Aerosol (stratospheric)
Tiny particles (smoke, H2SO4) in the stratosphere that reflect sunlight and cool Earth temporarily.
Tropospheric ozone
Ground-level ozone; an air pollutant harmful to health and vegetation.
Stratospheric ozone
Ozone layer 10–50 km up that absorbs harmful UV radiation, protecting life on Earth.

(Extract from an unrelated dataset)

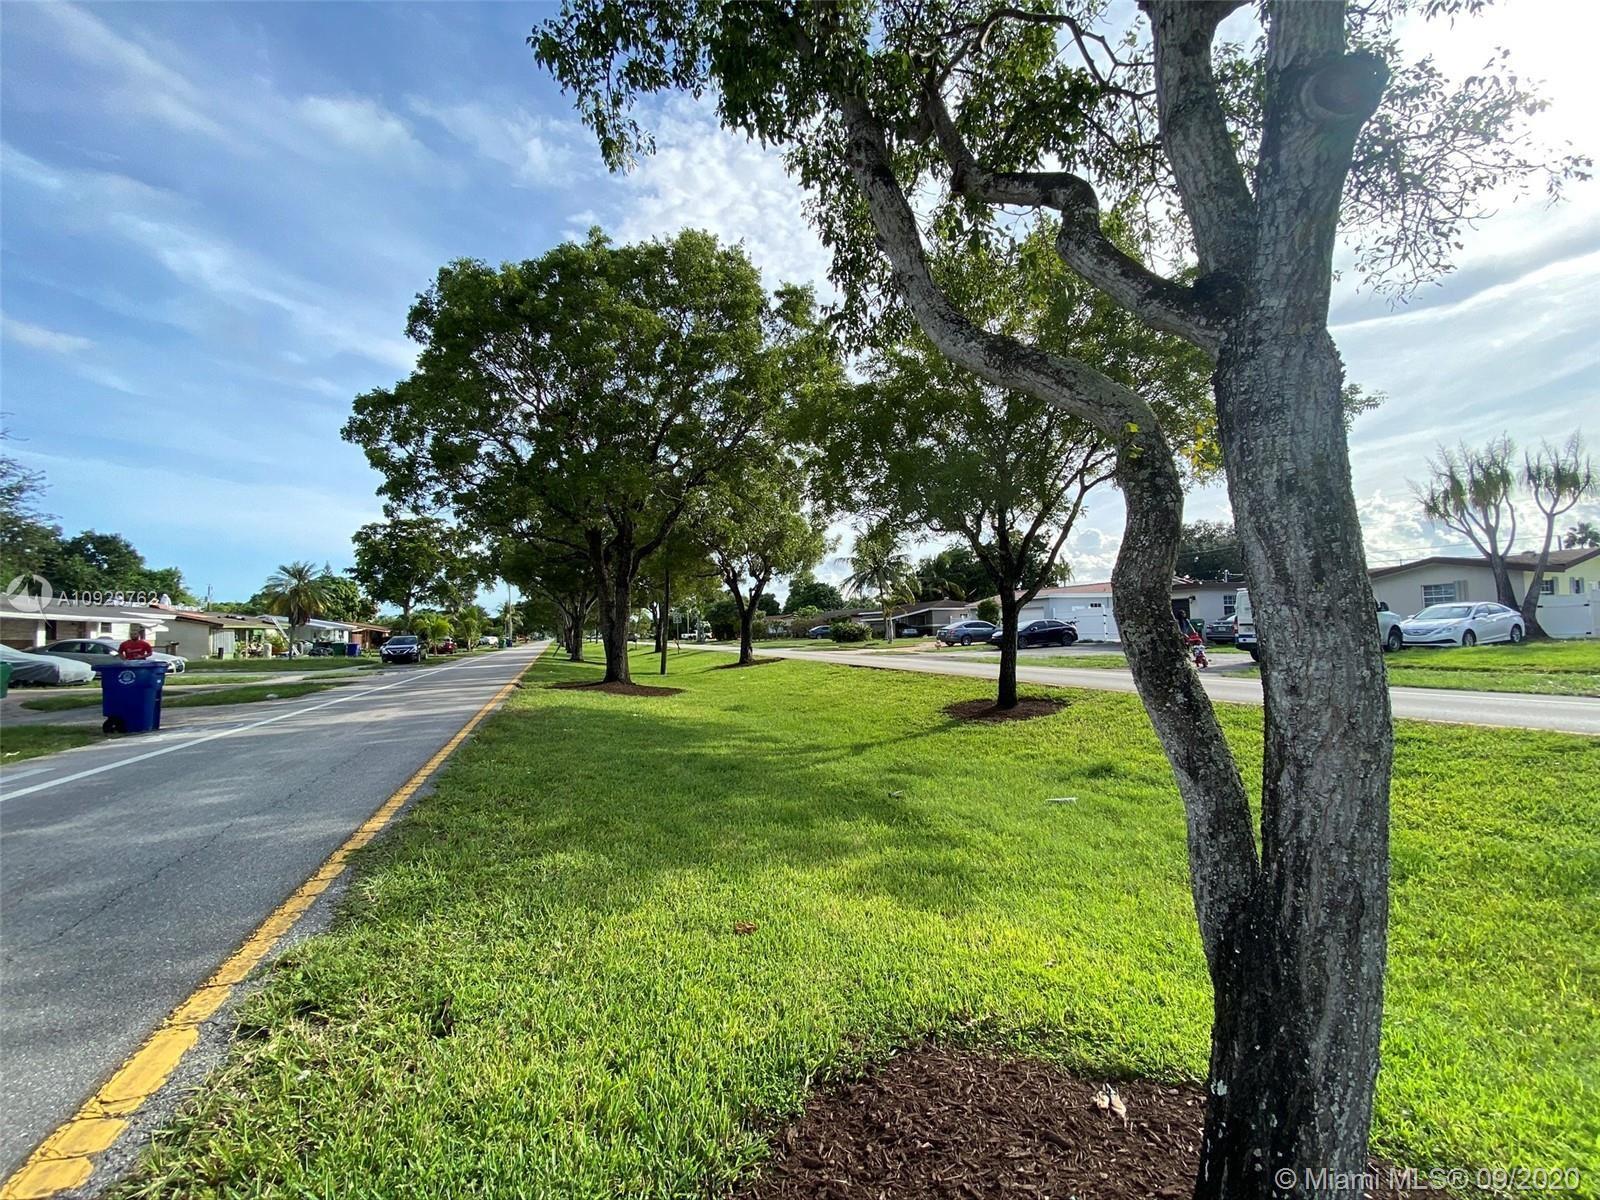 Photo of 2271 Island Dr, Miramar, FL 33023 (MLS # A10929762)

Chlorofluorocarbons (CFCs)
Inert, long-lived compounds once used as refrigerants and propellants; release Cl atoms that destroy ozone.
Ozone depletion
Reduction of stratospheric ozone due to catalytic destruction by chlorine and bromine radicals.
Ozone hole
Region over Antarctica where total ozone falls below 220 Dobson Units each spring.
Dobson Unit (DU)
Measurement of total atmospheric ozone; 1 DU corresponds to a 0.01 mm layer at 0 °C and 1 atm.
Montreal Protocol
1987 international treaty phasing out ozone-depleting substances like CFCs; hailed as an environmental success.
Basal cell carcinoma
Common skin cancer whose incidence rises 2–5 % for each 1 % drop in ozone.
Cataract
Clouding of the eye lens; risk increases with higher UV exposure due to ozone loss.
Phytoplankton
Microscopic marine plants sensitive to UV-B; ozone depletion reduces their productivity.
Hydrochlorofluorocarbons (HCFCs)
Transitional CFC substitutes with shorter atmospheric lifetimes and lower ozone-depleting potential.
Indoor air pollution
Contamination inside buildings from tobacco smoke, VOCs, radon, combustion by-products, and biological agents.
Volatile Organic Compounds (VOCs)
Carbon-containing gases emitted by paints, solvents, fuels, and plants; precursors to ozone and smog.
Radon
Radioactive gas from soil and rock; major indoor air hazard linked to lung cancer.
Clean Air Act
U.S. federal law (1963, 1970, 1990) setting standards and regulations to improve air quality.
National Ambient Air Quality Standards (NAAQS)
EPA limits on outdoor concentrations of six common pollutants to protect public health and welfare.
Cap-and-trade (SO₂)
Market system established in the 1990 Clean Air Act amendment to cost-effectively cut sulfur dioxide emissions.
Geneva Convention on Long-Range Transboundary Air Pollution
1983 agreement for international cooperation to reduce cross-border air pollutants such as SO₂, NOx, VOCs, and heavy metals.